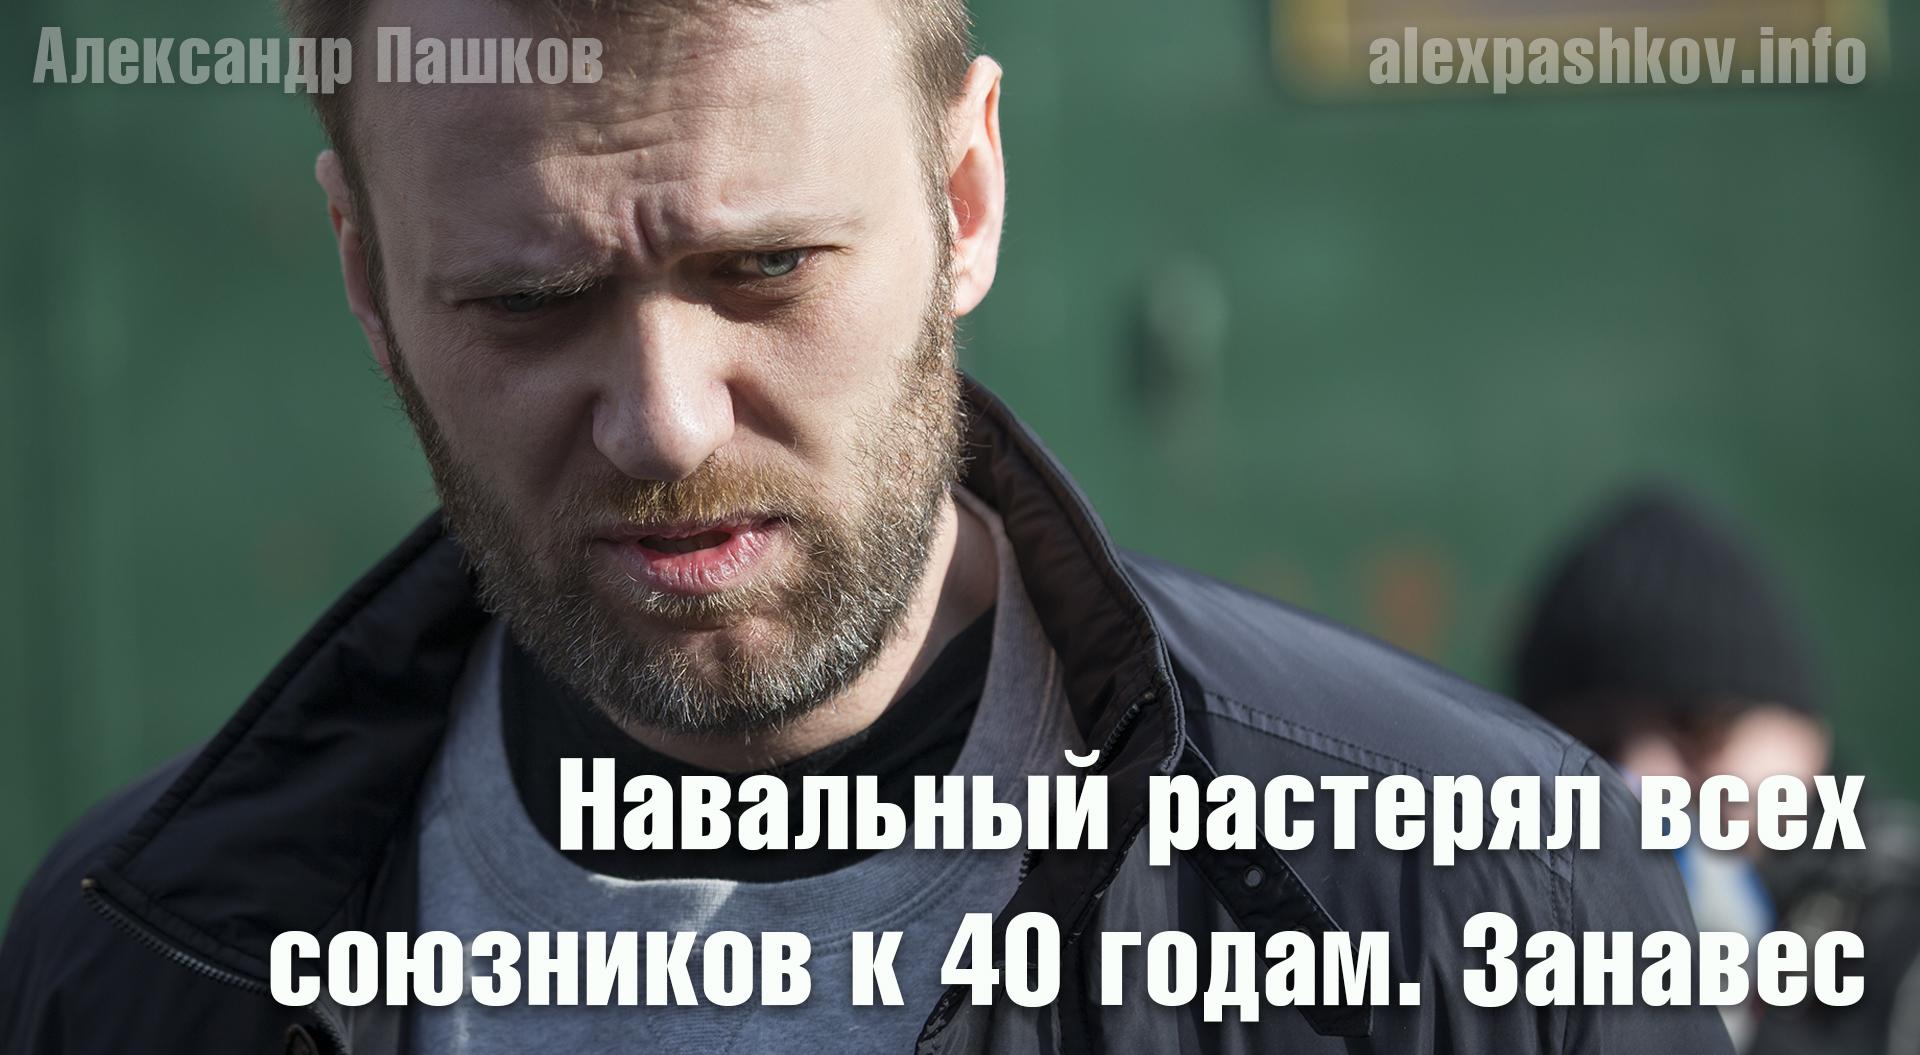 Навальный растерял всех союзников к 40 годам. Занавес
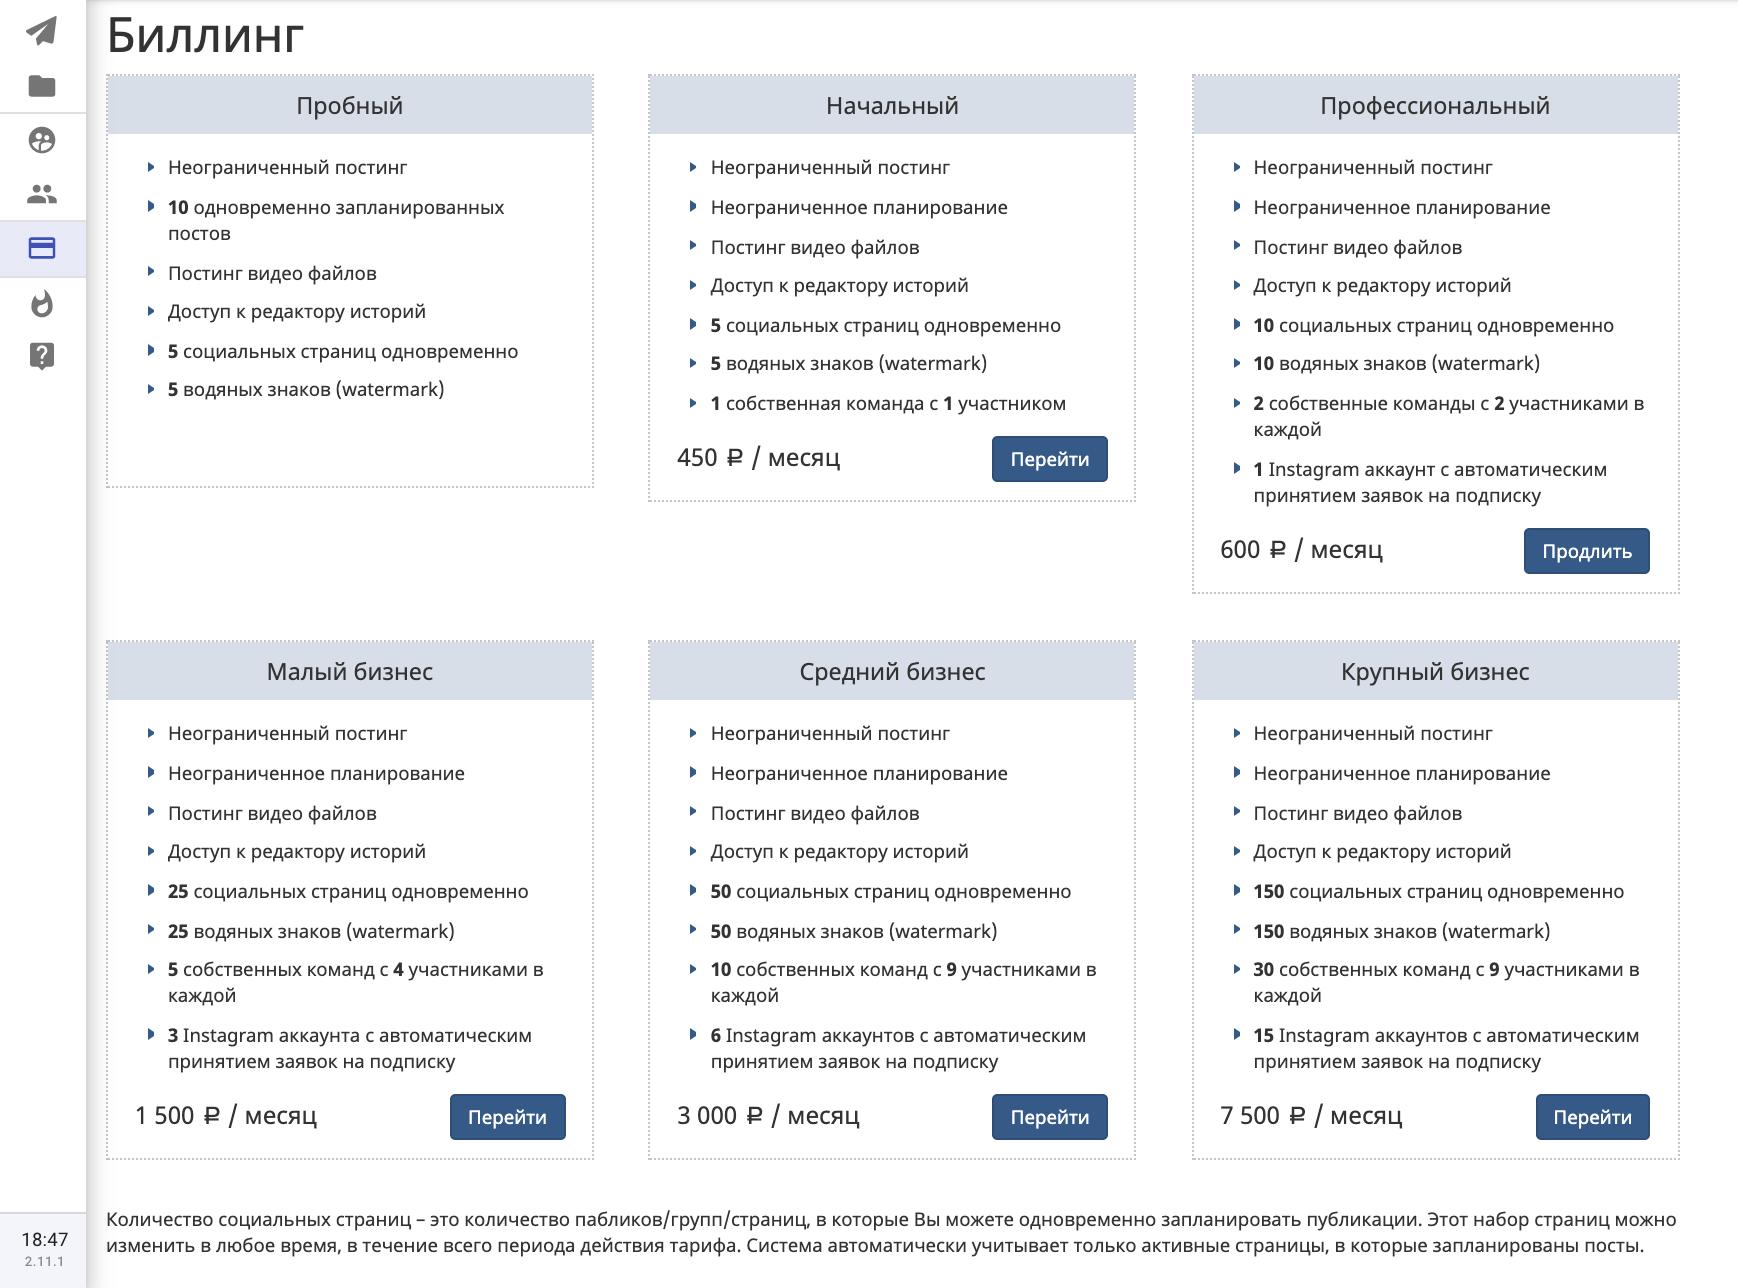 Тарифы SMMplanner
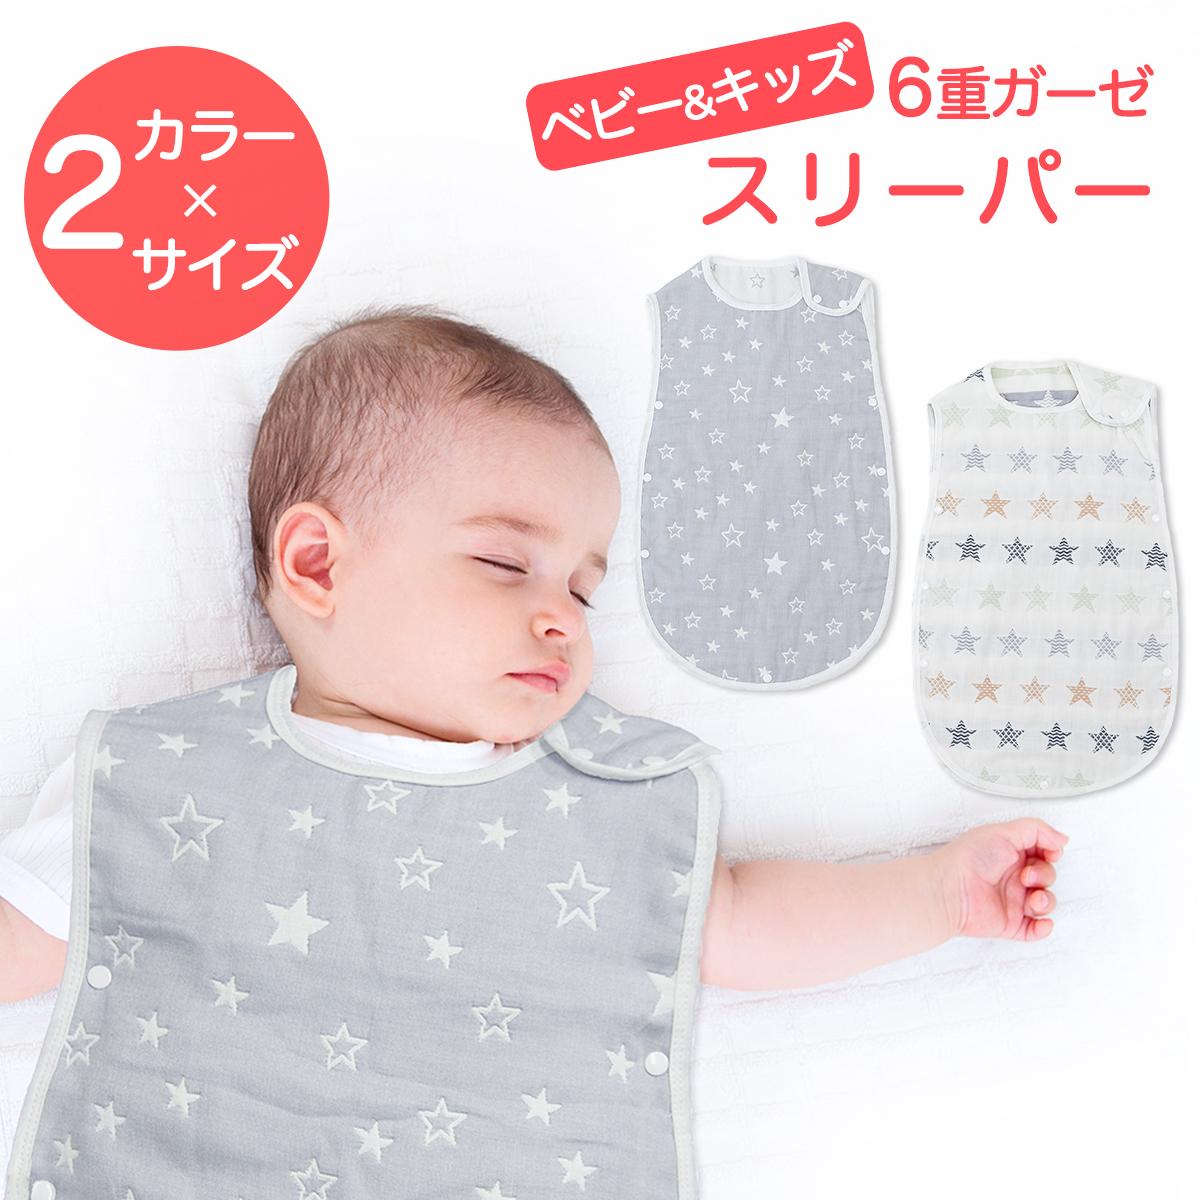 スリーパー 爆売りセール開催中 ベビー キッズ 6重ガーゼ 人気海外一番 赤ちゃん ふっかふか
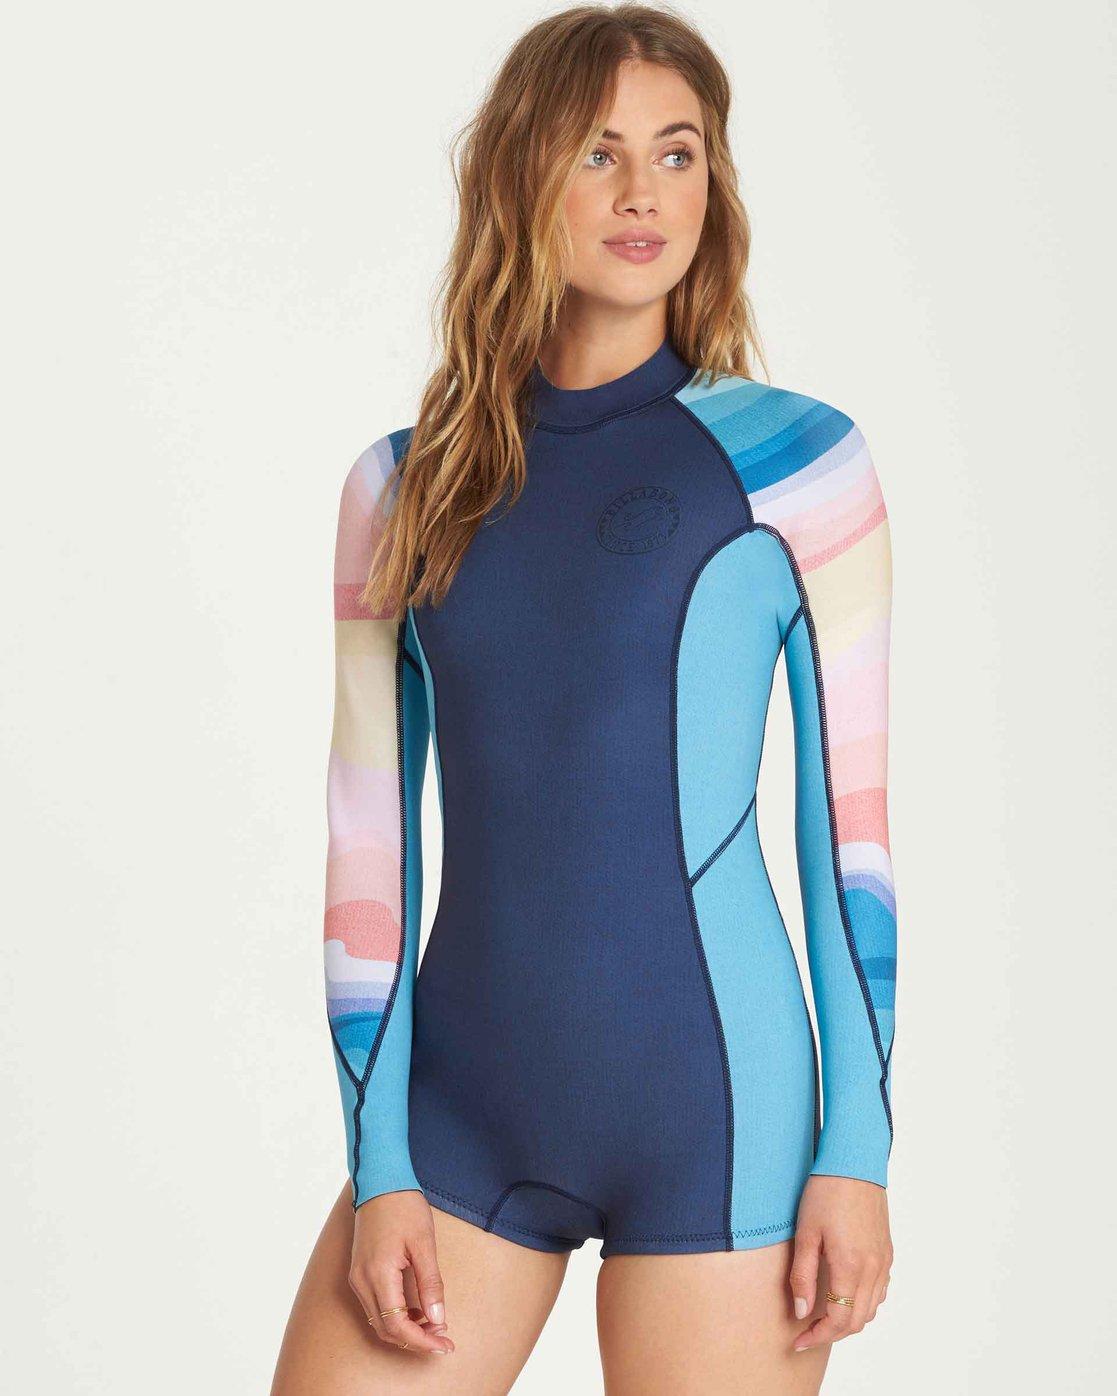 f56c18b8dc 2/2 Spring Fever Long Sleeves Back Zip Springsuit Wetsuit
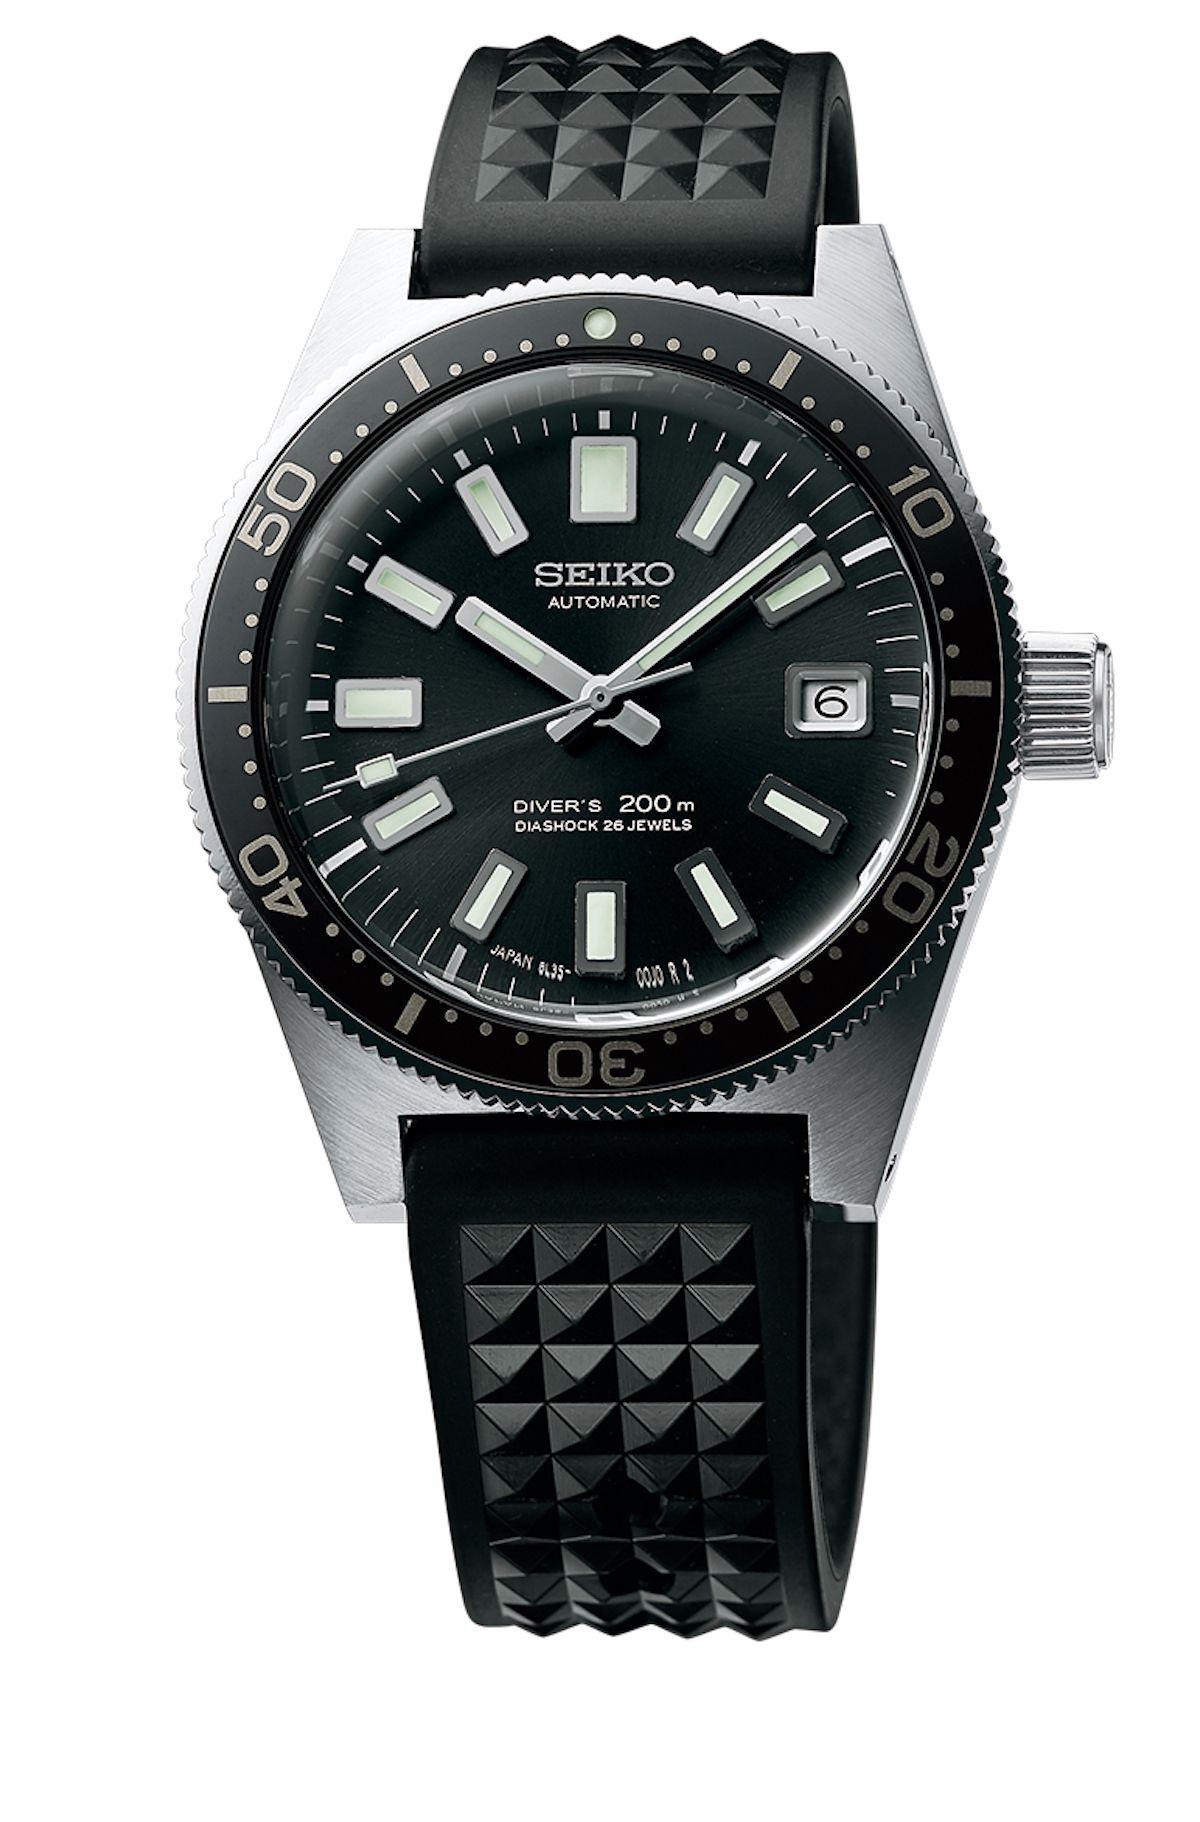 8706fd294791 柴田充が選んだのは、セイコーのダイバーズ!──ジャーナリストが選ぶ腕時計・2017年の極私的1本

# # #

__WHAT YOU NEED TO DO__.
The pictures in the listing above are to be dropped, and everything else reproduced exactly.

__THE ANSWER__.
 Навальный растерял всех союзников к 40 годам. Занавес
 Тарифы SMMplanner
 スリーパー 爆売りセール開催中 ベビー キッズ 6重ガーゼ 人気海外一番 赤ちゃん ふっかふか
 f56c18b8dc 2/2 Spring Fever Long Sleeves Back Zip Springsuit Wetsuit
 8706fd294791 柴田充が選んだのは、セイコーのダイバーズ!──ジャーナリストが選ぶ腕時計・2017年の極私的1本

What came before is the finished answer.